Thursday, 11 August 2011

Acute Responses and Chronic Effects

A number of recommendations in resistance training are made by authors attempting to extrapolate from an acute mechanism or response to infer a chronic training adaptation. In many cases this inference is independent of any corroborating intervention studies manipulating the variables in question to produce said acute response, then utilising a valid measurement of the inferred chronic effect in attempt to either prove or disprove the hypothesis. This situation predominantly lies within the realm of hormonal and molecular regulation of muscle mass.

I made a comment on a post at Drew's blog a while back highlighting this issue:

"Understanding of the acute processes I think is important to direct further research, for example a lot of recent research looks at measures of acute ‘protein synthesis’ in response to different protocols i.e. high vs low volume, occluded training etc.
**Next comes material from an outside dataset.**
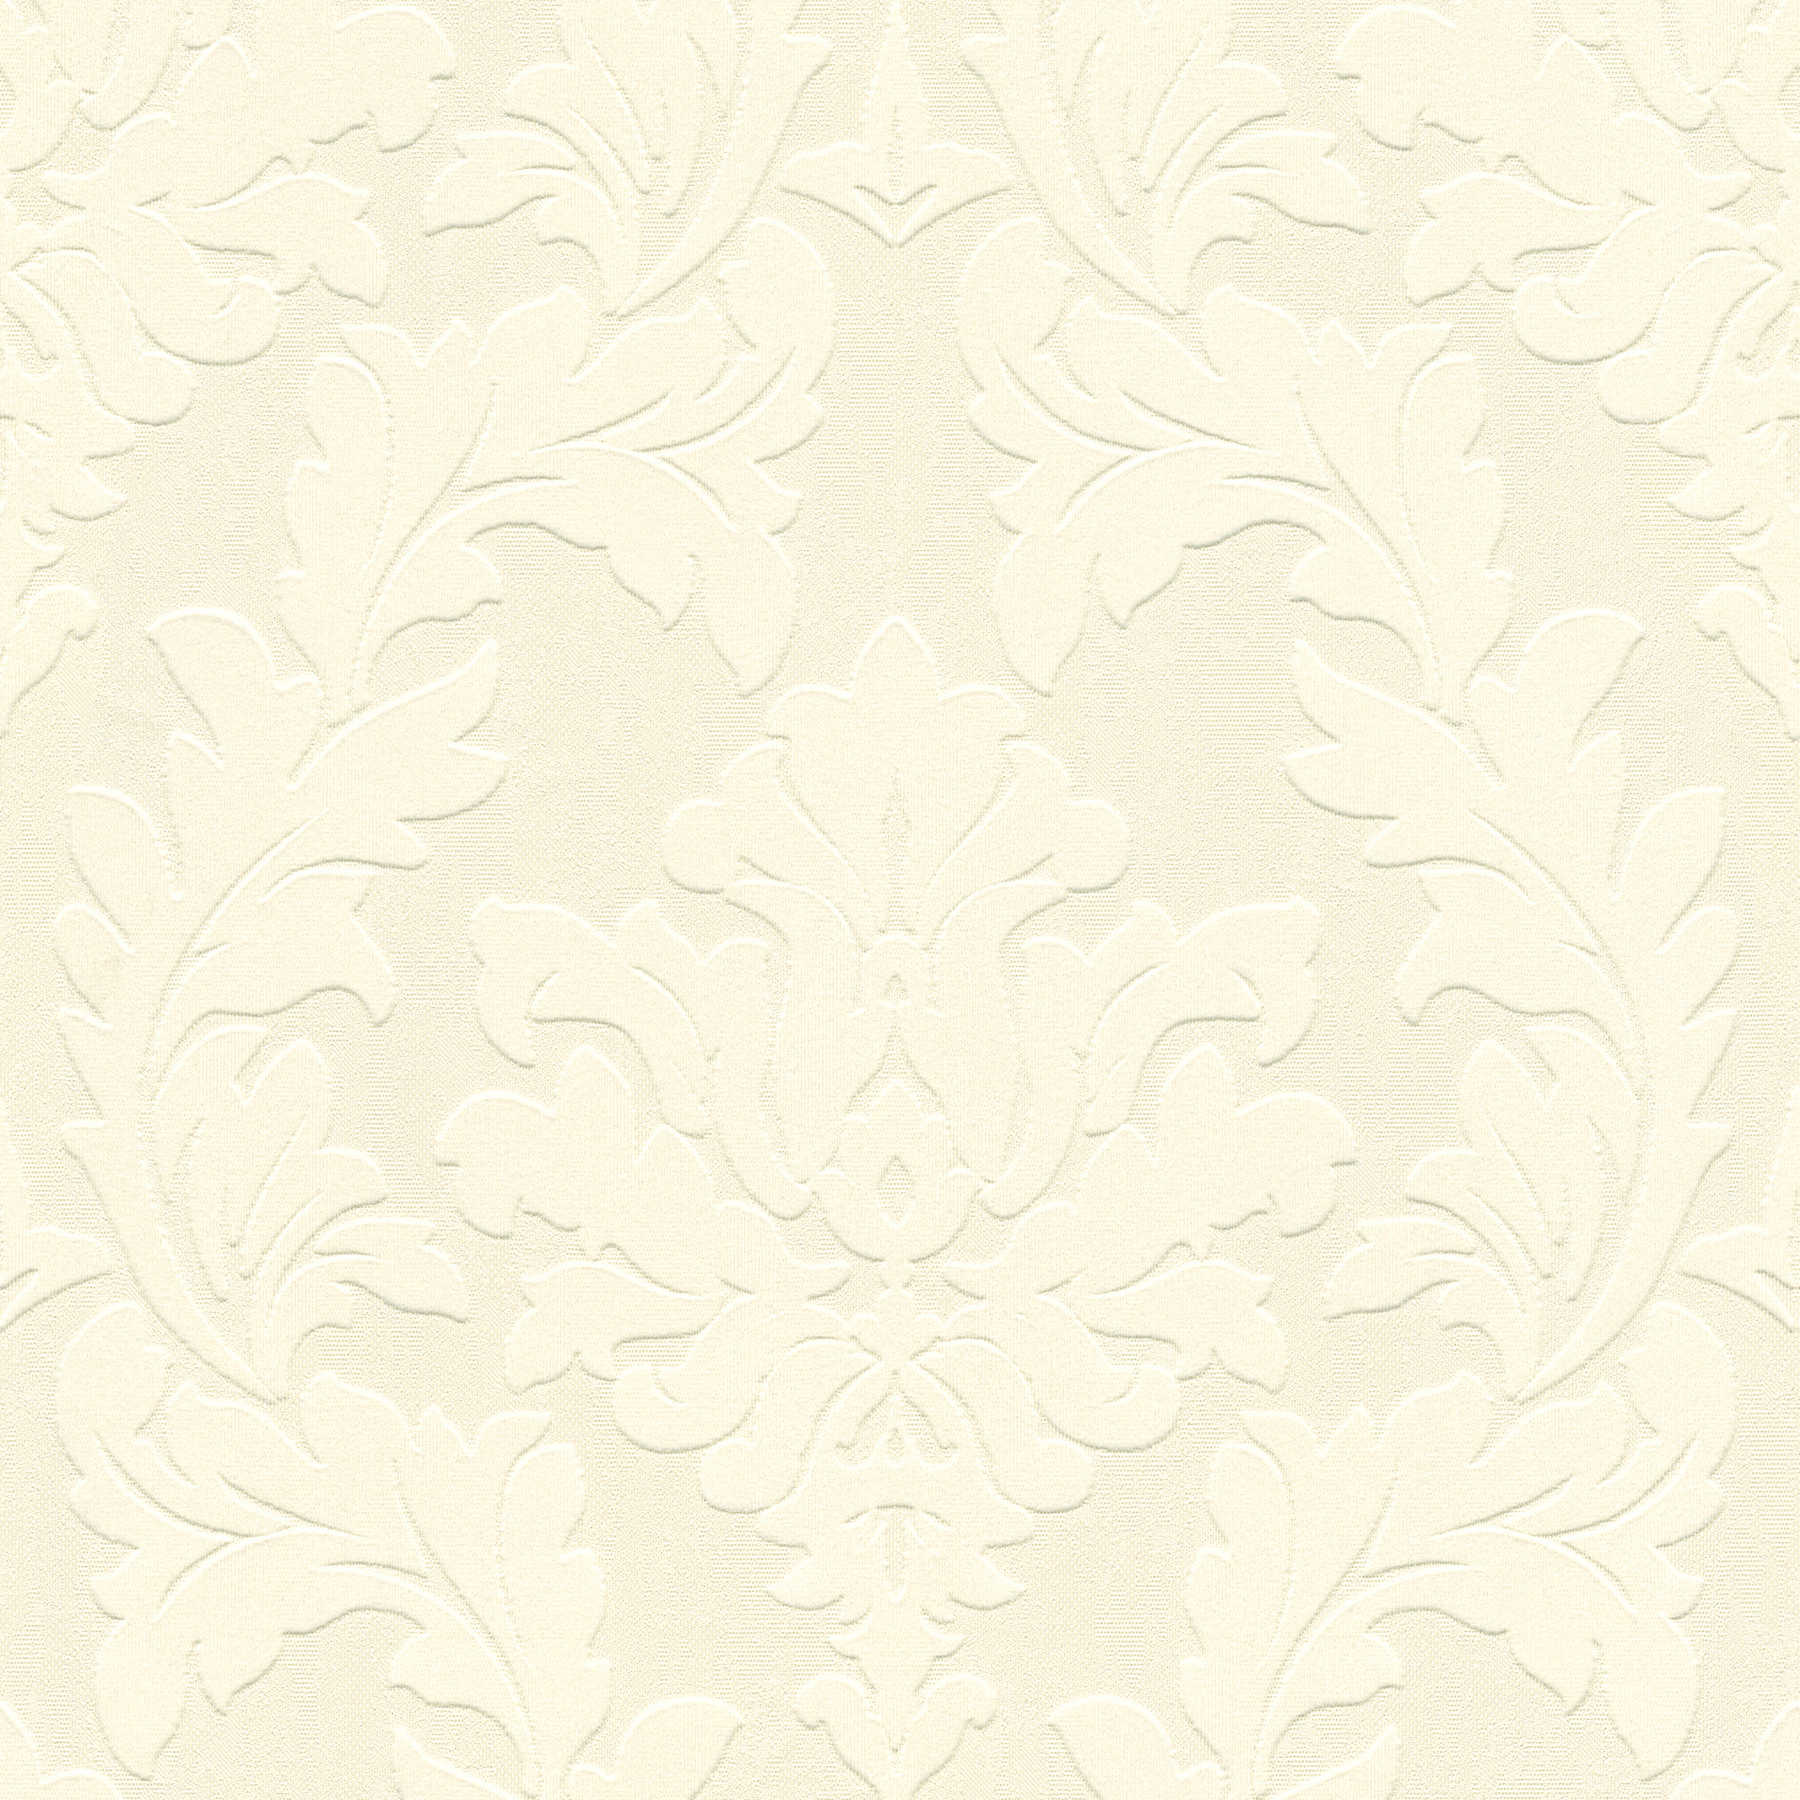 Baroque wallpaper with metallic effect & texture design - cream

But they draw the assumption that the higher measure of an acute surrogate marker in one arm of the trial compared to another will necessarily translate into a greater chronic hypertrophic response. When we look at the volume example for instance however and consider the empirical data, the training studies, we see that low volume, single set exercise is just as effective as high volume, multiple set exercise in producing strength increases and hypertrophy."
In addition Chris made a post a while back highlighting this "Black Box" approach to physiology.

The thing is that for a hypothesis to be plausible it requires both a biological plausibility, that is an acute process (and chronic) by which the variable exerts it's hypothesised effect, and empirical data from intervention studies demonstrating it as a chronic adaptation.

In light of this I was pleased to see this concept discussed by Dr Ralph Carpinelli recently with reference to large muscle mass exercise producing a greater acute testosterone response. It seems that although this is an acute occurrence, it does not translate into an enhanced response in hypertrophy or strength.